Вот, к примеру, «В прохладном вертограде, сиречь в саду» — толстой книге в переплете из телячьей кожи, с затейливыми медными застежками — написано: «Кукушкин голос кто услышит впервые весной в саду своем, пусть в тот же час ступню правой ноги своей палкой очертит и ту землю из-под ноги выкопает и в дом внесет. И того году во всем жилище его блохи и тараканы отнюдь не будут».
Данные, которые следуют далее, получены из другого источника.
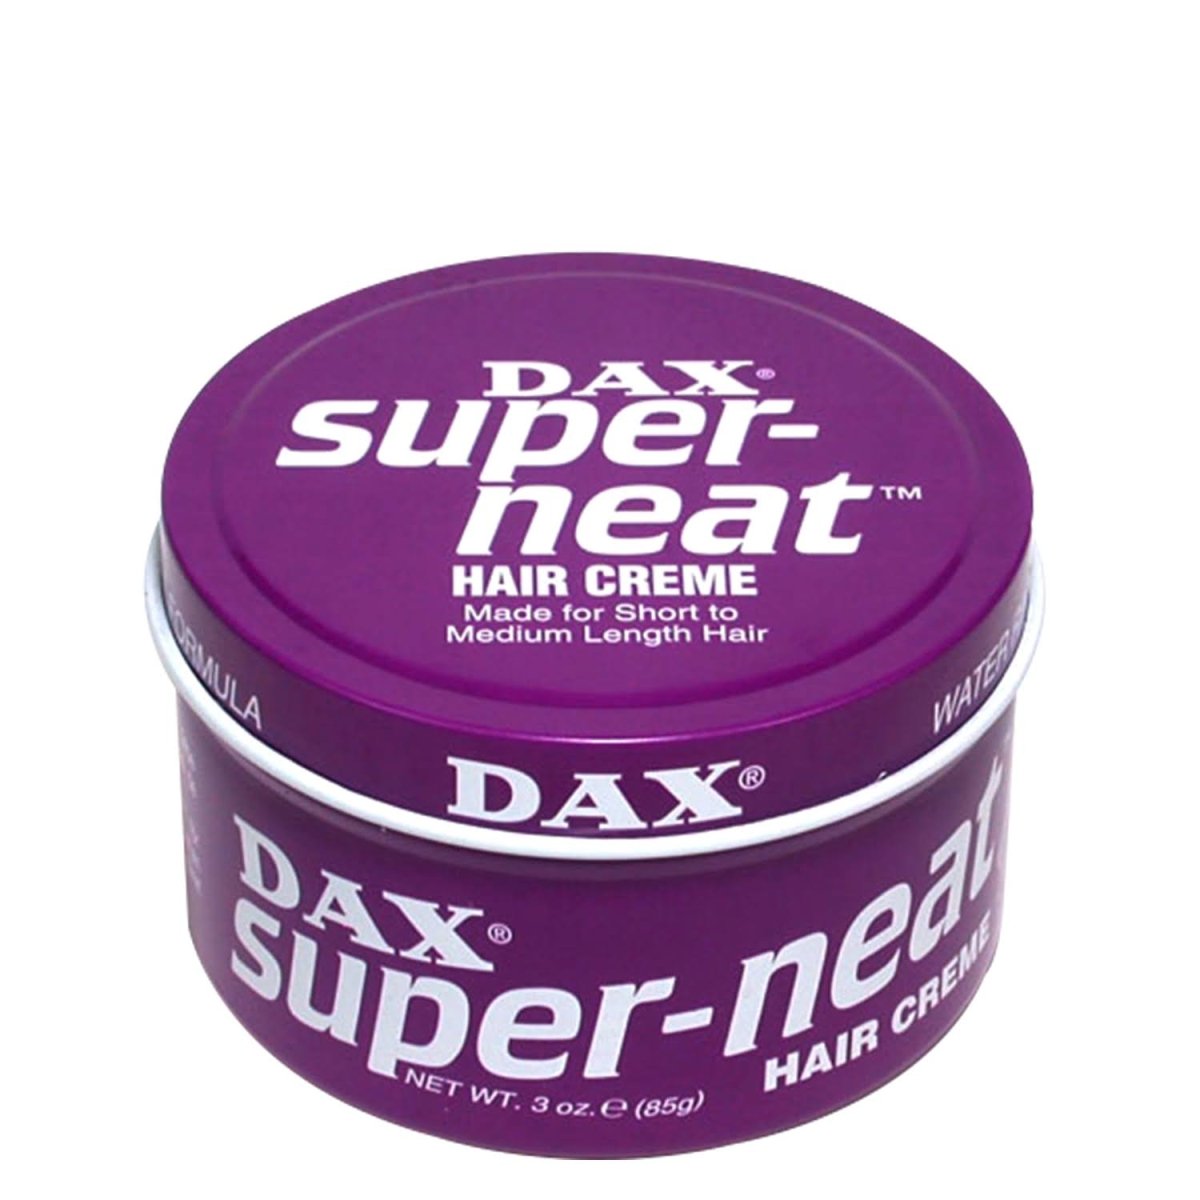 DAX Super-Neat - Southwestsix Cosmetics DAX Super-Neat Hair Creme DAX Southwestsix Cosmetics 077315000049 DAX Super-Neat

Или вот еще, в книге «Травник» сказано: «Есть трава — „царевы очи“ прозывается, ростом с иглу, собой красна, и листочки красные. И та трава человека вельми хорошо пользует. И на суд возьмешь ее с собой — не осужден будешь. А кто и жениться хощет, держи всегда при себе — тихое и ласковое житье с женою будет, всегда жена заедино с мужем слово скажет и ни в чем перечить ему не станет».
Насмешливо улыбнулся Павел, прочитав это. Подумалось;
«Пустое измышление… Не может того быть!..» И все же, встав на другой день пораньше, он добрых часа три бродил по степи в тщетных поисках «царевых очей»…
Поздно вечером лежал в хате на ковре; не спалось и сумно на душе было (должно быть потому, что давно не видел Тани). Слушал, как на завалинке вели разговор Сергунька и работник Федор, успевшие крепко сдружиться.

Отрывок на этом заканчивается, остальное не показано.